Die Zuhörer lachen viel. Hildegard Bachmanns Geschichten aus dem neuen Buch „Die Allerscheenst“ sind lustig. Der Einstieg mit den Rammelsbacher Landfrauen zum Beispiel, die zu spät ins Theater kommen und sich beim Othello entschuldigen. Die kurzen Erzählungen (zwei bis zehn Seiten) sind aber bisweilen auch sehr nachdenklich. Bei der Lesung in der Mainzer Kunsthalle erzählt die Urfassenachterin vom „Unkel Paul un die Tonte Hilde“, einem alten Ehepaar mit seinem geordneten, langsamen Tagesablauf.

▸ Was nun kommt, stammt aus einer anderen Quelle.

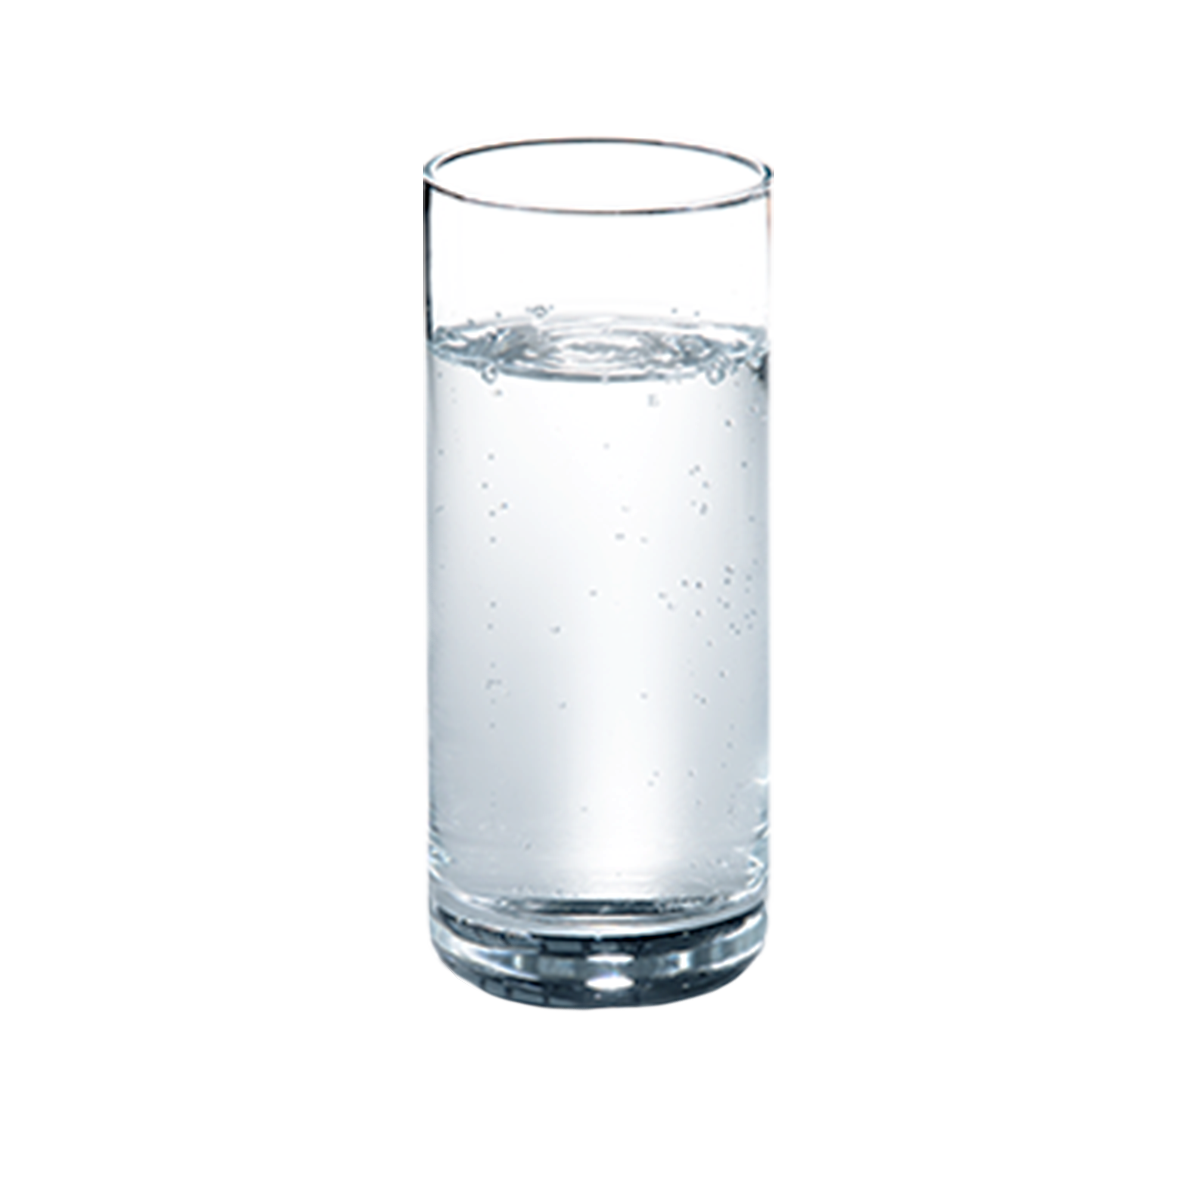 Vandglas classic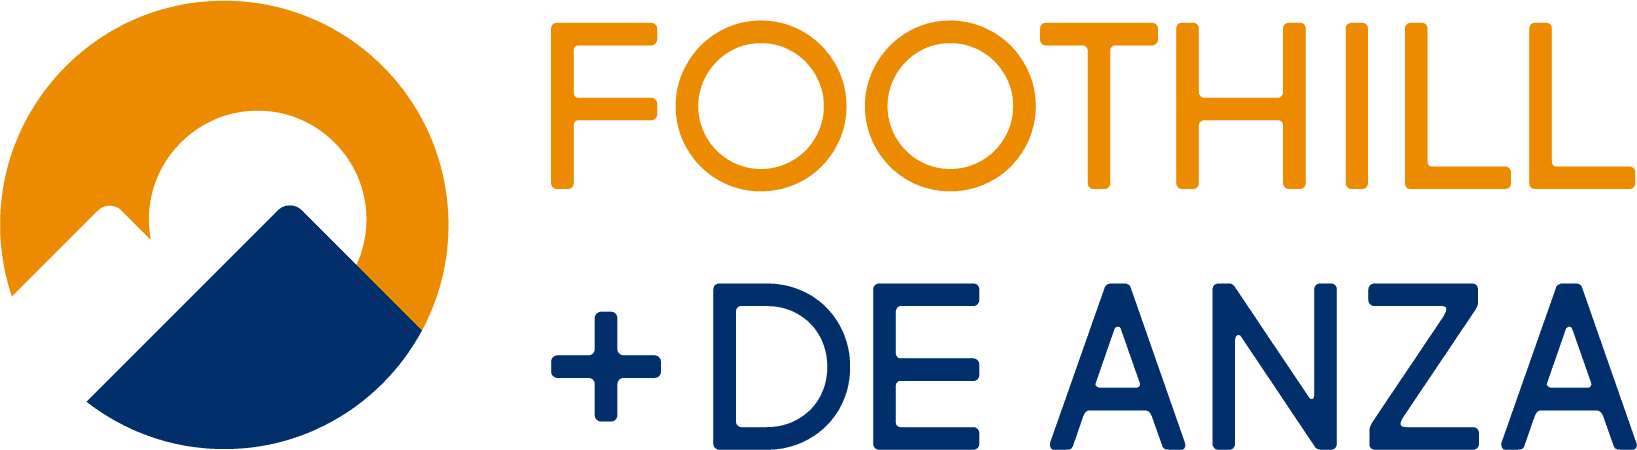 Foothill + De Anza Logo

Hildegard Bachmann. Archivfoto: HBZ / Stefan Sämmer

Das Publikum nickt immer wieder zustimmend. Das ist eine Geschichte aus dem Leben, die sich mit den eigenen Erfahrungen deckt. Jeder kennt solche alten Leute, die ihr Leben trotz aller Herausforderungen, die das Alter bietet, zu meistern verstehen.

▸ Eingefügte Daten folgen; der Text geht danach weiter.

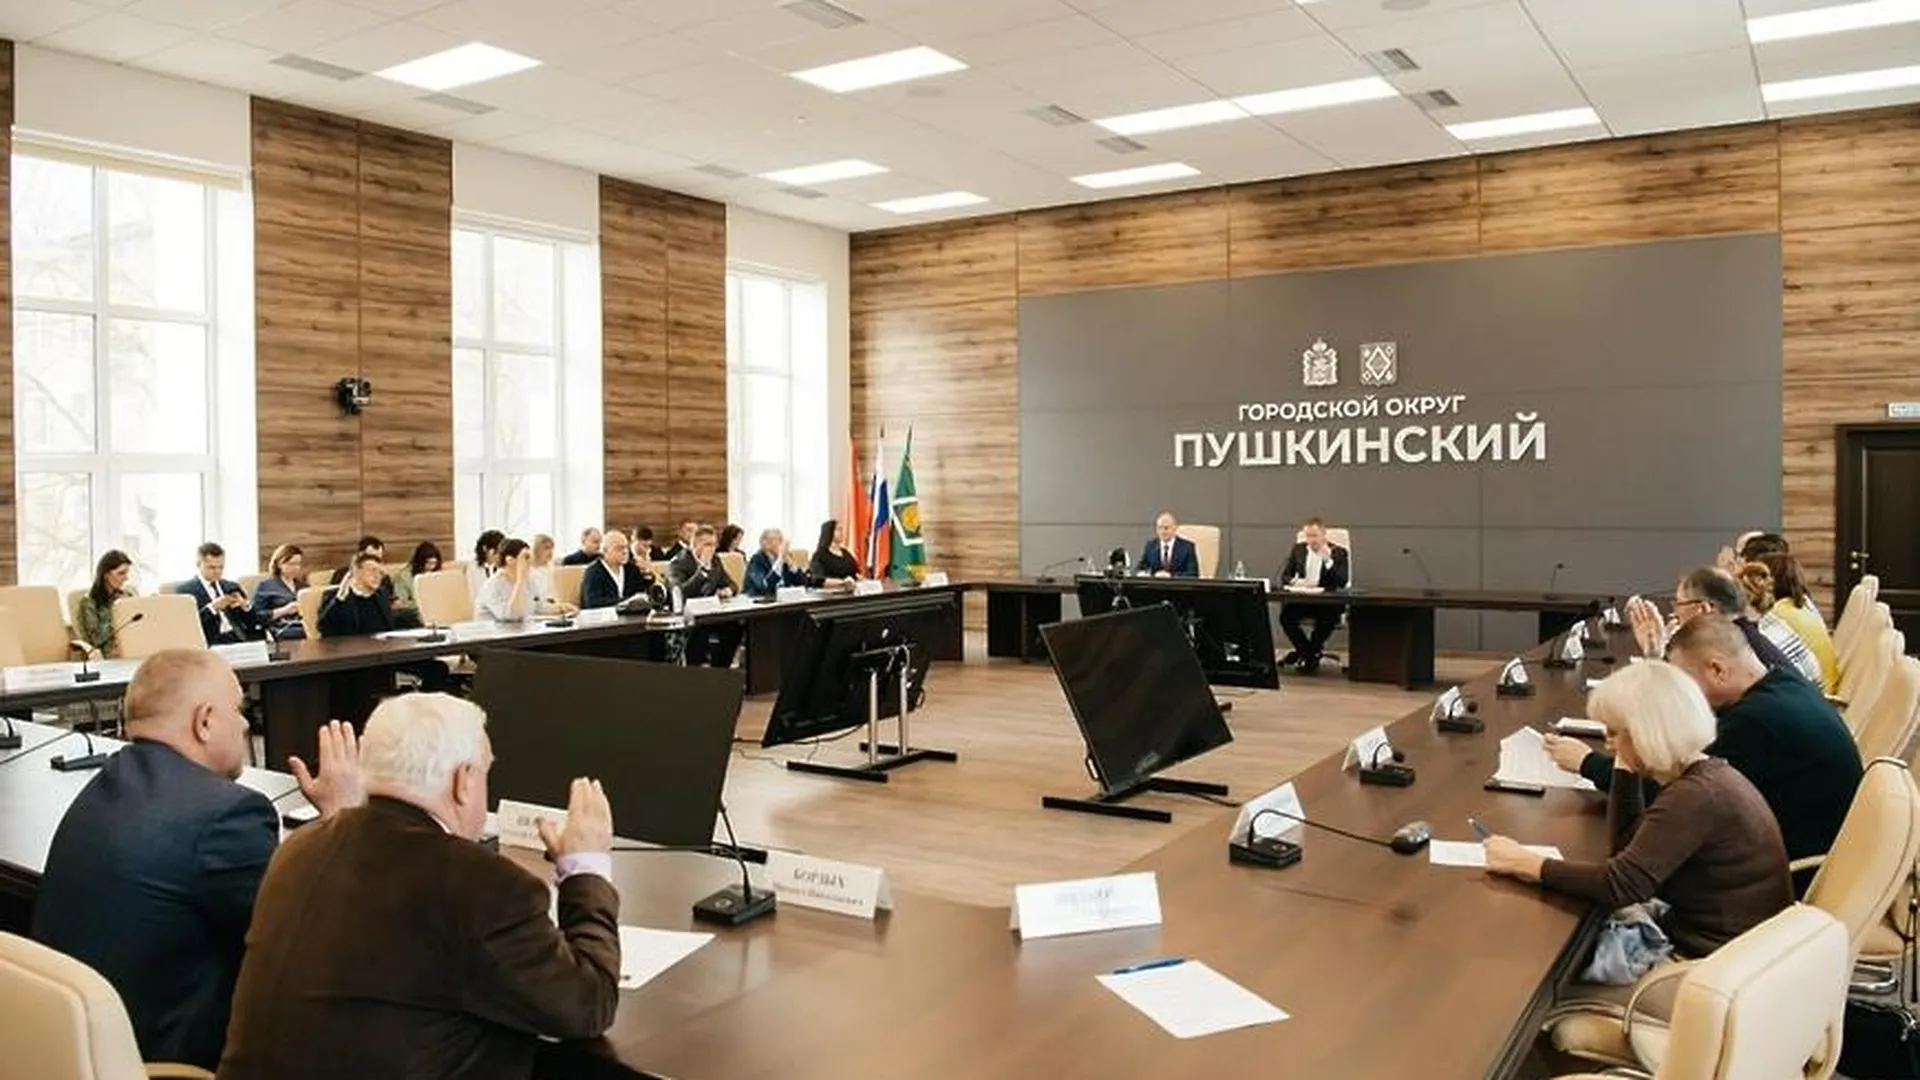 Совет депутатов Городского округа Пушкинский заменит председателей

„Das ist sehr lebensnah“, sagt Gertrud Theisen, die mit einer Freundin zur Lesung in die Kunsthalle gekommen ist. Für sie selbst ist es gar nicht so einfach, Bachmann zu folgen. Das Buch wie die Lesung sind klassisch in Mundart gehalten. „Ich bin keine gebürtige Mainzerin“, erklärt Theisen. Wo es Probleme gibt, hilft ihre Freundin Renate Block: „Ich hab’ manchmal übersetzt.“ „Nebberm Kohleherd hot se uff em Stuhl gehockt und genockelt“, liest Bachmann. Klar? Gemeint ist das „Middachsschläfche“, das sich die „Tonte“ während der langen Hausarbeit gegönnt.

„Fassnacht frieher“

„Man sieht dieses Ehepaar wirklich vor sich, das erinnert mich an meine eigenen Großeltern“, sagt Brigitte Poths, die Bachmann schon sehr lange schätzt. „Diese Art, wie sie erzählt, wie sie auf die Menschen zugeht und sich in sie hineinversetzt“, findet Poths klasse. Besonders gerne erzählt Bachmann, was sie selbst miterlebt hat. „Fassnacht frieher“ ist so eine Erzählung. Die kleine Hildegard zog in Drais von Haus zu Haus – während die große Hildegard die Geschichte liest, wackelt sie aufgeregt mit den Beinen.